LONDON, England (CNN) -- Britain feared that it would have been overwhelmed in the event of a Soviet attack because of the depleted state of its armed forces, according to secret files made public on Tuesday.

Papers released by the National Archives, under the 30-year rule, reveal that Royal Air Force fighter jets only had sufficient ammunition for two days of combat and the Royal Navy would fail to defend the country from Russian submarines.

The army would have been too over-stretched to cope with a widescale campaign of sabotage and subversion by Soviet special forces, the papers show.

Prime Minister James Callaghan called the situation a "scandal" when he discovered the scale of the problem and demanded resignations among the military.

"Heaven help us if there is a war!" he scrawled on one note. But ministers could do little until the Tornado fighter plane became available in the mid-1980s along with other military hardware.

The problem became clear when senior intelligence officers warned in late 1977 that, in the event of a conventional war, the Russians could unleash up to 200 bombers and 18 submarines against the UK.

The assessment of the Joint Chiefs of Staff was that British forces would be unable to cope.

"UK forces cannot match the threat postulated by the JIC assessment," the chiefs noted in January 1978 in a document marked Top Secret UK Eyes Alpha.

"Air defenses would be outweighed because aircraft would be outnumbered and stocks of air defense munitions would sustain operations for only two or three days.

"Maritime forces need better anti-submarine weapons, and face a massive threat from submarine and air-launched missiles and also from mines; the most serious deficiency is in numbers.

"The army in the UK would, until mobilization is complete, have insufficient forces to meet its commitments; after mobilization of the reserves, a process taking between 15-20 days, the Army would be able to counter the currently assessed Soviet land threat during the initial stages of the war but, lacking supporting arms and logistic support, it would be inadequate to deal with any more significant threat, including sabotage or subversion on a wide scale."

Find this article at: 
http://www.cnn.com/2008/WORLD/europe/12/30/uk.coldwar.fears/index.html?eref=rss_latest 

-------------------------------------------------------------------

And the Brit politicians continue to gut the MoD! :doh:


----------



## Poetic_Mind (Dec 30, 2008)

That is scary. 




> Papers released by the National Archives, under the 30-year rule, reveal that Royal Air Force fighter jets only had sufficient ammunition for two days of combat and the Royal Navy would fail to defend the country from Russian submarines.

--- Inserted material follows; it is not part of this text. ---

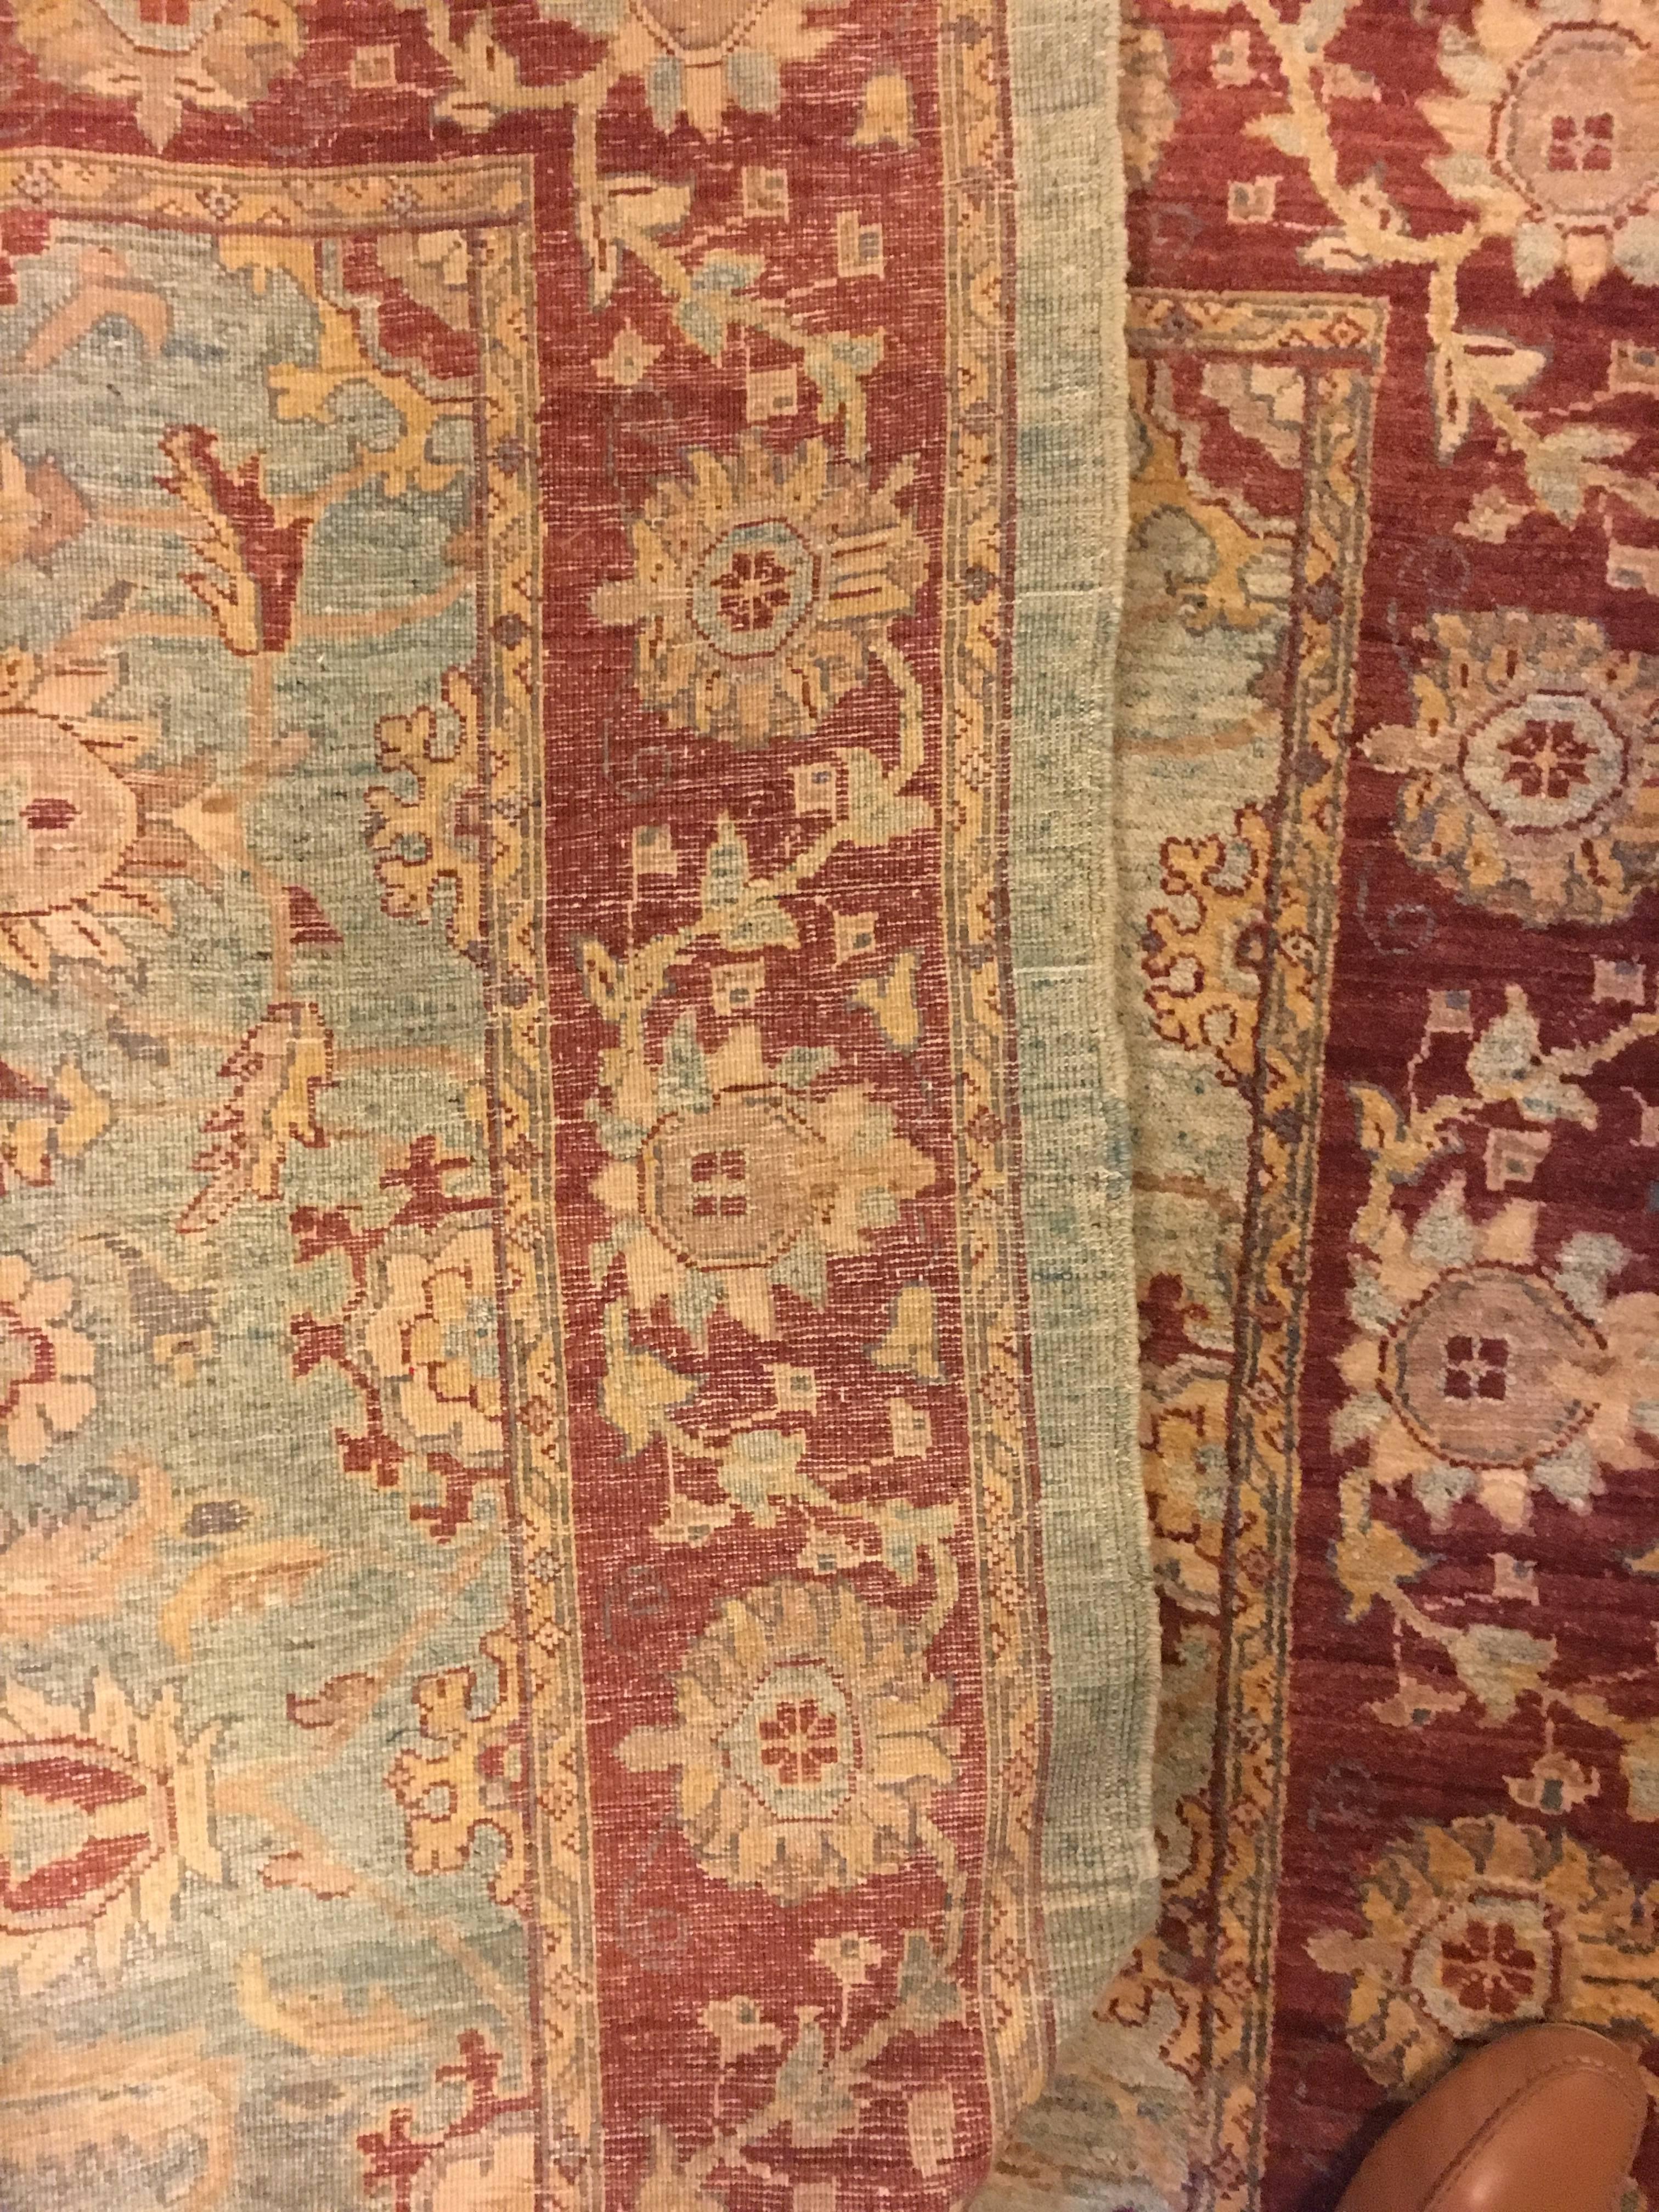 A finely knotted coffee or Foyar oriental carpet. This highly desirable carpet is sure to make a sparkling appearance in the foyer of ones home. Perhaps add style and flair under that coffee table or simply throw it at the foot of the bed. The rich

I wonder if we will be in the same position when Democrats are through with us. I was not alive at the time, but I heard from my folks how Carter F***ed up the military. 

I always thought the UK was a strong military power... How did it get that bad in the UK?


----------



## car (Dec 30, 2008)

Well, that was right before the Carter administration (Stansfield Turner was director of CIA) emasculated our intel collection capabilitiy in many "Soviet influenced" areas that sprung up to bite us in the ass later - Grenada and Nicaragua (both backed by el jefe Castro) being the first that come to mind :doh:


----------



## 7point62 (Dec 30, 2008)

car said:


> Well, that was right before the Carter administration (Stansfield Turner was director of CIA) emasculated our intel collection capabilitiy in many "Soviet influenced" areas that sprung up to bite us in the ass later - Grenada and Nicaragua (both backed by el jefe Castro) being the first that come to mind :doh:





Yes sir, Carter unraveled a lot of things to be kind and gentle to people who would like nothing better than to hand us our _juevos_ on a plate. Like _jefe_ Fidel and his _maricon_ buttboy in Managua. He also gave away the Canal, IMHO, the most important land/sea crossroads and strategic asset in the hemisphere.


----------



## car (Dec 30, 2008)

7point62 said:


> He also gave away the Canal, IMHO, the most important land/sea crossroads and strategic asset in the hemisphere.



Not to make excuses for Carter, but the whole "getting rid of the canal" issue was started by Nixon, believe it or not. We can move more commerce from our east coast to our west coast by truck. Nixon was dealing with Torrijos early on to get rid of responsibility of the canal.

The whole reason T. Roosevelt pushed it was for the advantage of getting our Navy to the Pacific without having to go around S. America. Now, our major warships can't even fit through the canal.


----------



## BLACKMags (Dec 31, 2008)

Oh yeah this is something we REALLY want to be put out for the entire world to know LOL. 


pardus762 said:


> LONDON, England (CNN) -- Britain feared that it would have been overwhelmed in the event of a Soviet attack because of the depleted state of its armed forces, according to secret files made public on Tuesday.
> 
> Papers released by the National Archives, under the 30-year rule, reveal that Royal Air Force fighter jets only had sufficient ammunition for two days of combat and the Royal Navy would fail to defend the country from Russian submarines.
> 
> ...


----------



## QC (Jan 3, 2009)

No drama, didn't happen. ;)


----------